Es gibt doch diese kleinen Zusatzplatinen (afaik hier schon genannt) von Aqua-Computer, wo man dann bequem via Software einstellen soll, wie sich die Spannung verhalten soll (z.B. start mit 10s @12, danach auf 6V, ab Temperatur X auf 8 Volt und ähnlich Späße). 

Komm nur gerade nicht auf den Namen


----------



## GoZoU (6. Juli 2009)

Eigenquote stinkt 



GoZoU schrieb:


> Die Drosslung der Laing erfolgt über das Poweradjust von Aqua-Computer.



MfG
GoZoU


----------



## nemetona (6. Juli 2009)

nemetona schrieb:


> Einfach so bei 7V betreiben ist mit einer Laing nicht, sie benötigt zum Anlaufen die vollen 12V, wie GoZoU schon sagte wird die Laing über ein Poweradjust von AC gesteuert, eine BigNG sollte auch gehen.
> 
> Ich würde aber erst mal versuchen den Vorschlag mit den Schwamm im AGB umzusetzen, sollte dies nicht helfen wär ein Kugelhahn im Kreislauf noch eine Option. Mit ihm könntest du künstlich die restriktivität erhöhen und den Durchfluss senken.
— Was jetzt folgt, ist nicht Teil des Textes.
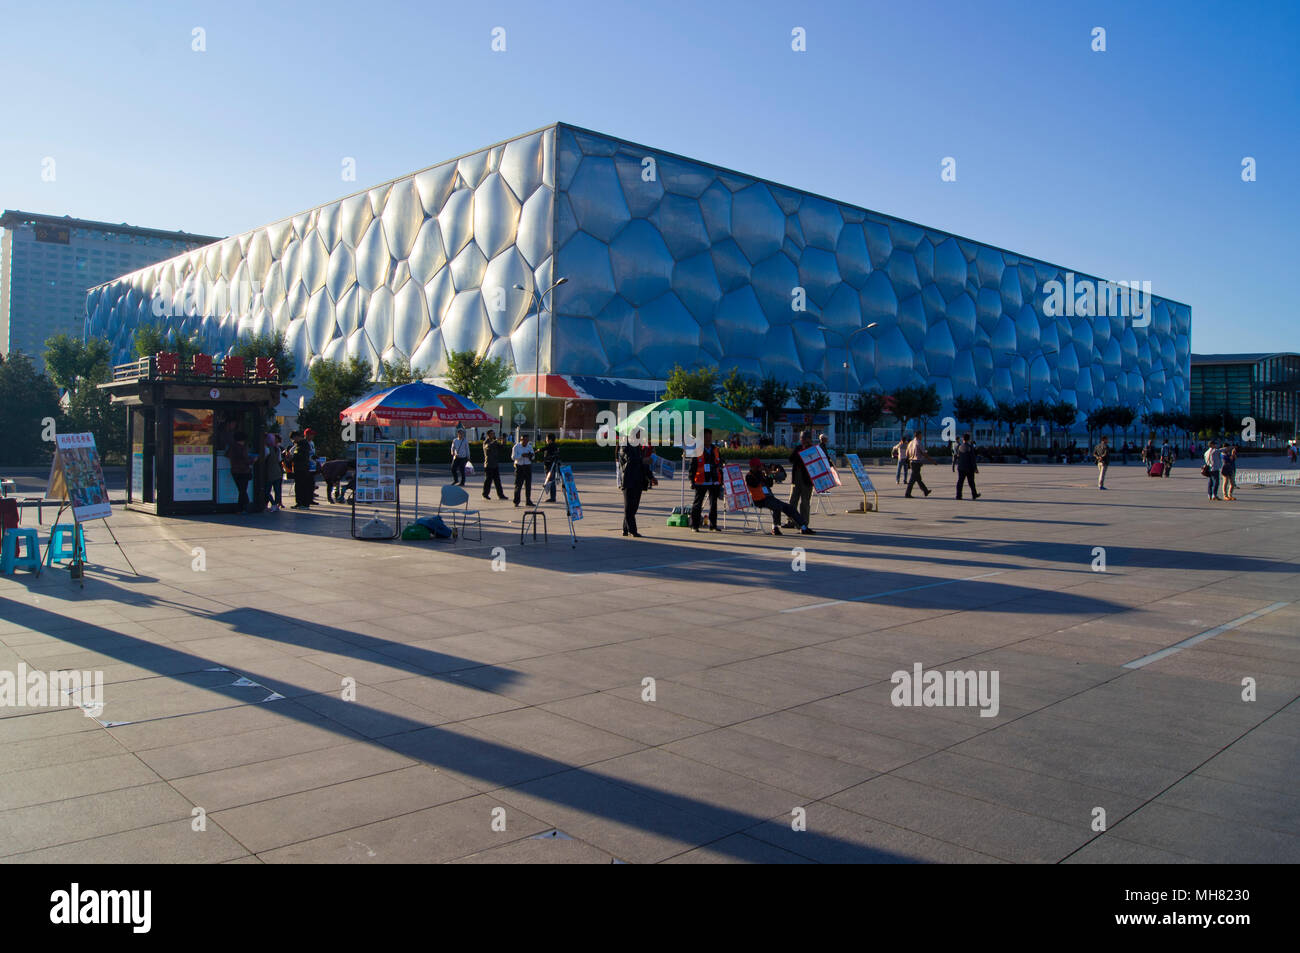 Le Centre national de natation de Pékin, appelé familièrement le Cube d'eau, dans le Parc olympique de Beijing, Chine, photographié au coucher du soleil. Banque D'Images

Ich glaube mein Lösungsansatz wurde auch gleich überlesen


----------



## max70 (7. Juli 2009)

OsiRis schrieb:


> ich denke ich tu es einfach ...


 
das würde ich lassen.Du hast viele Möglichkeiten das Problem zu beseitigen.Die meisten wurden ja schon genannt.
Wenn Du nix kaufen willst,Pumpe zur nonplus umlöten.Einfacher aber mit Wartezeit verbunden,Anti-Cyclon für 2,50€ und Ruhe is.


----------



## stromer007 (7. Juli 2009)

Schau dir mal dieses [HowTo] Laing Pro zur Ultra umlöten - EffizienzGurus Forum an.
Der Mod geht nämlich auch in umgekehrter Richtung, also von der "DDC+" zur "DDC". Damit sinkt die Pumpenleistung, aber auch die Garantie ist weg.
Versuch also zuerst ein Stück Schwamm im AGB, das hilft bestimmt.


----------



## OsiRis (7. Juli 2009)

jo ich weiß das ein schwamm oder anty cyclon hilft nur wollte ich es nicht nutzen sondern die pumpe auf 7V laufen lassen da das nun nicht gehen wird und ich keine lust auf garantie verlust habe werde ich mir doch etwas in den agb werfen ^^ 

in diesem sinne Vielen dank und CLOSE plz


----------



## nemetona (7. Juli 2009)

Nur der Vollständigkeit wegen, das du eine Laing mit einen Poweradjust steuern kannst ist dir nicht entgangen?

Immer noch schließen?


----------



## KingPiranhas (7. Juli 2009)

Du hättest es ja einfach mal mit 7V probieren können. Je nach Widerstand kann es klappen muss aber nicht.


----------



## 4clocker (7. Juli 2009)

Ich hab meine Laing an 9 Volt laufen. Einfach 12-und 3 Volt vom Sata Stecker. Sie läuft wunderbar an und ist praktisch nicht zu höhren. 
Ich kann dir nur empfehlen das mal aus zu probieren


----------



## OsiRis (7. Juli 2009)

jop es ist mir nciht so wichtig die pumpe zu steuern ich versuche das mit 9V aus wenn es nicht klappt kommt ein anti-cyclone rein und dann is gut ^^ xD 

ps: ich habe mir alle kommentare durchgelesen 

-Close- thx


----------



## nemetona (7. Juli 2009)

Falls dies mit den Anti Cyclon nicht funzt, dann denke noch mal über den Poweradjust ran, er regelt den Anlauf der Laing mit 12V und (Startboost ) und geht dan auf den eingestellten gedrosselten Sollwert.

OK, Closed


----------